I had never seen a man so eager for the company of children. So intrigued was I that I asked Fanny if her uncle had any himself. “Oh no,” she replied. “Mama says Aunt Eliza is far too old for that.”

Now the curiosity Henry had aroused in me transferred itself to the willowy creature who might have been his twin. She shared not just his tall, slender figure but dark-lashed, intelligent eyes of the same hazel hue. Both had olive skin and curly chestnut hair that framed their faces. They looked so very different from Edward, who clung to the fading fashion for powdered wigs and had the ruddy complexion of a man who was happiest outdoors with a gun across his arm. I soon noticed, though, that while Jane looked like one brother, she had the air of neither. There was no trace of Henry’s ebullience about her and none of Edward’s easy confidence. From the snippets of family background Fanny came out with, I formed the impression that, like me, Jane found it difficult to be herself in a place where she was neither fish nor fowl.

“Grandpapa Austen was a parson with gray whiskers that tickled,” Fanny told me one day in an attempt to forestall a test on Latin verbs. “But he’s dead now, so Aunt Jane and Aunt Cass live with Grandmama to keep her company. Mama says they must because they don’t have husbands.”
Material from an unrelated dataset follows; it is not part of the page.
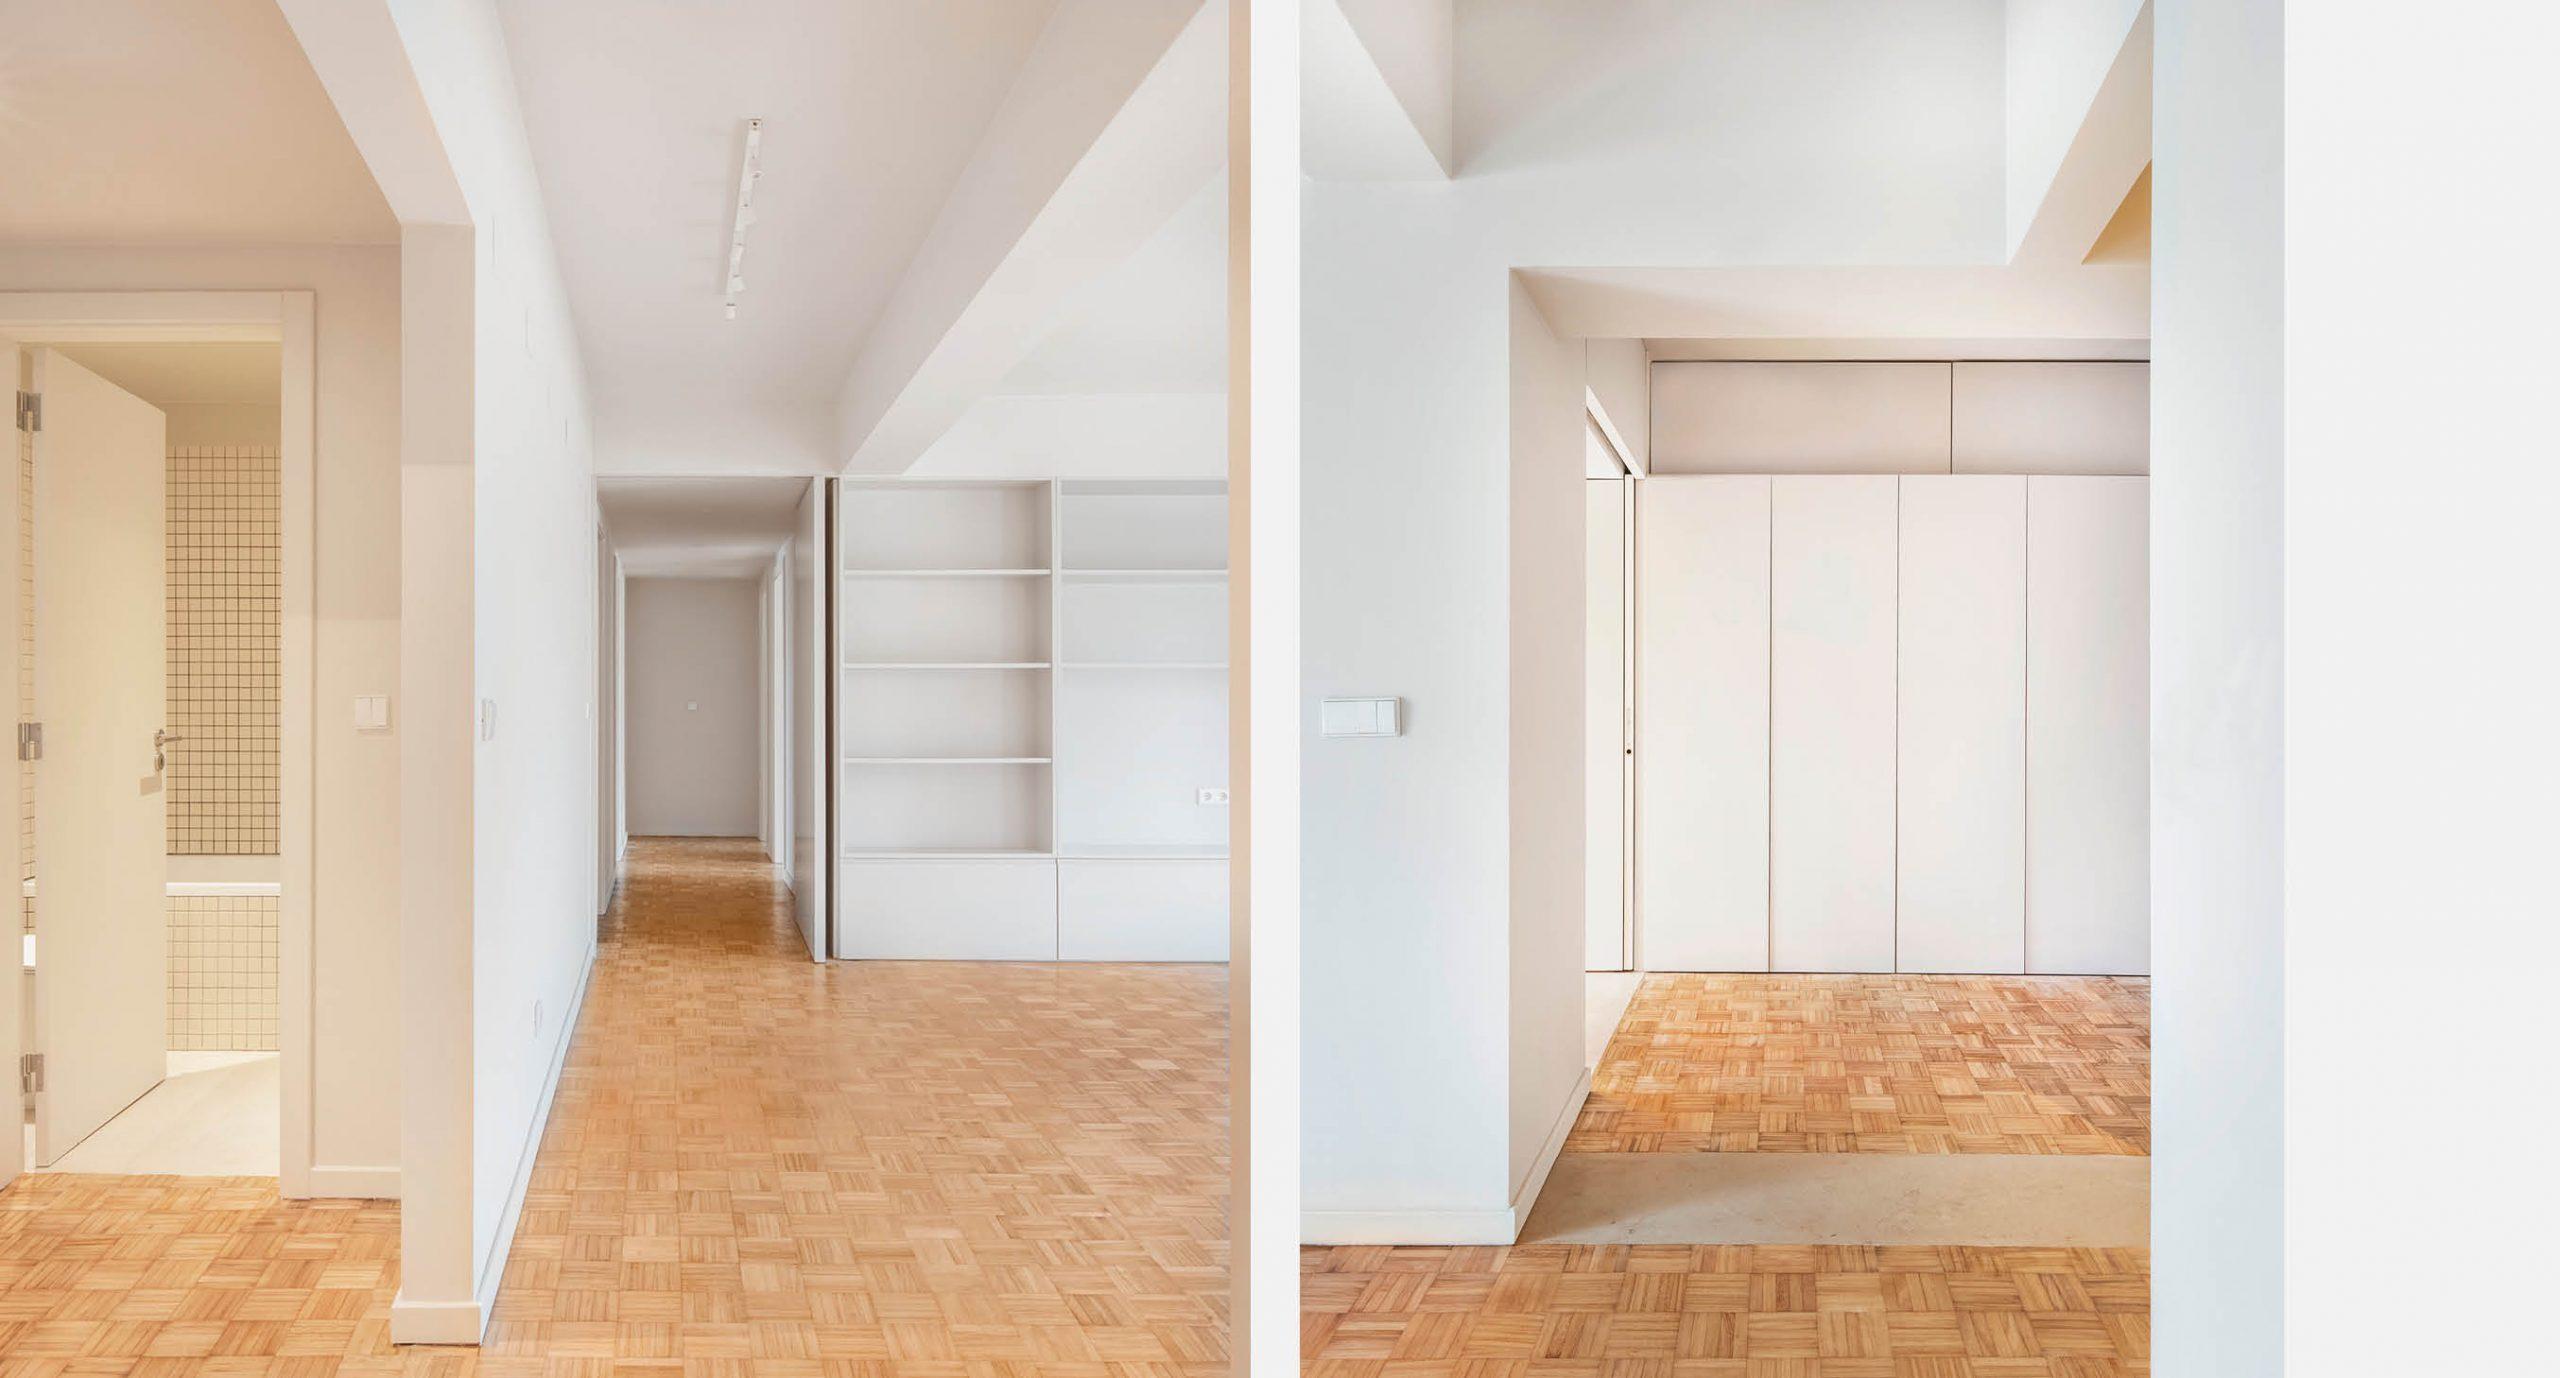 Spacegram_FredericoGeorge_Apartment_Refurbishment_White_Integrated_Furniture03

I wanted to ask why they didn’t have husbands. I guessed that Jane was in her late twenties, like me, and her sister a little older. Their spinsters’ caps suggested that they had given up looking. And yet I would see Jane each morning, creeping away from the house, as if for an assignation. I could never sleep beyond sunrise and as I sat reading at my window I would catch sight of her heading for the little Greek temple that sat on a hill high above the river that snaked through the parkland. She would be there for an hour or two each morning, rising long before her mother and sister were up and about. I never saw anyone else take that path at that time, but there were ways through the woods for those familiar with the estate. As one who missed the solace of family, it never occurred to me that she might be going there to escape that grand house and all those within it.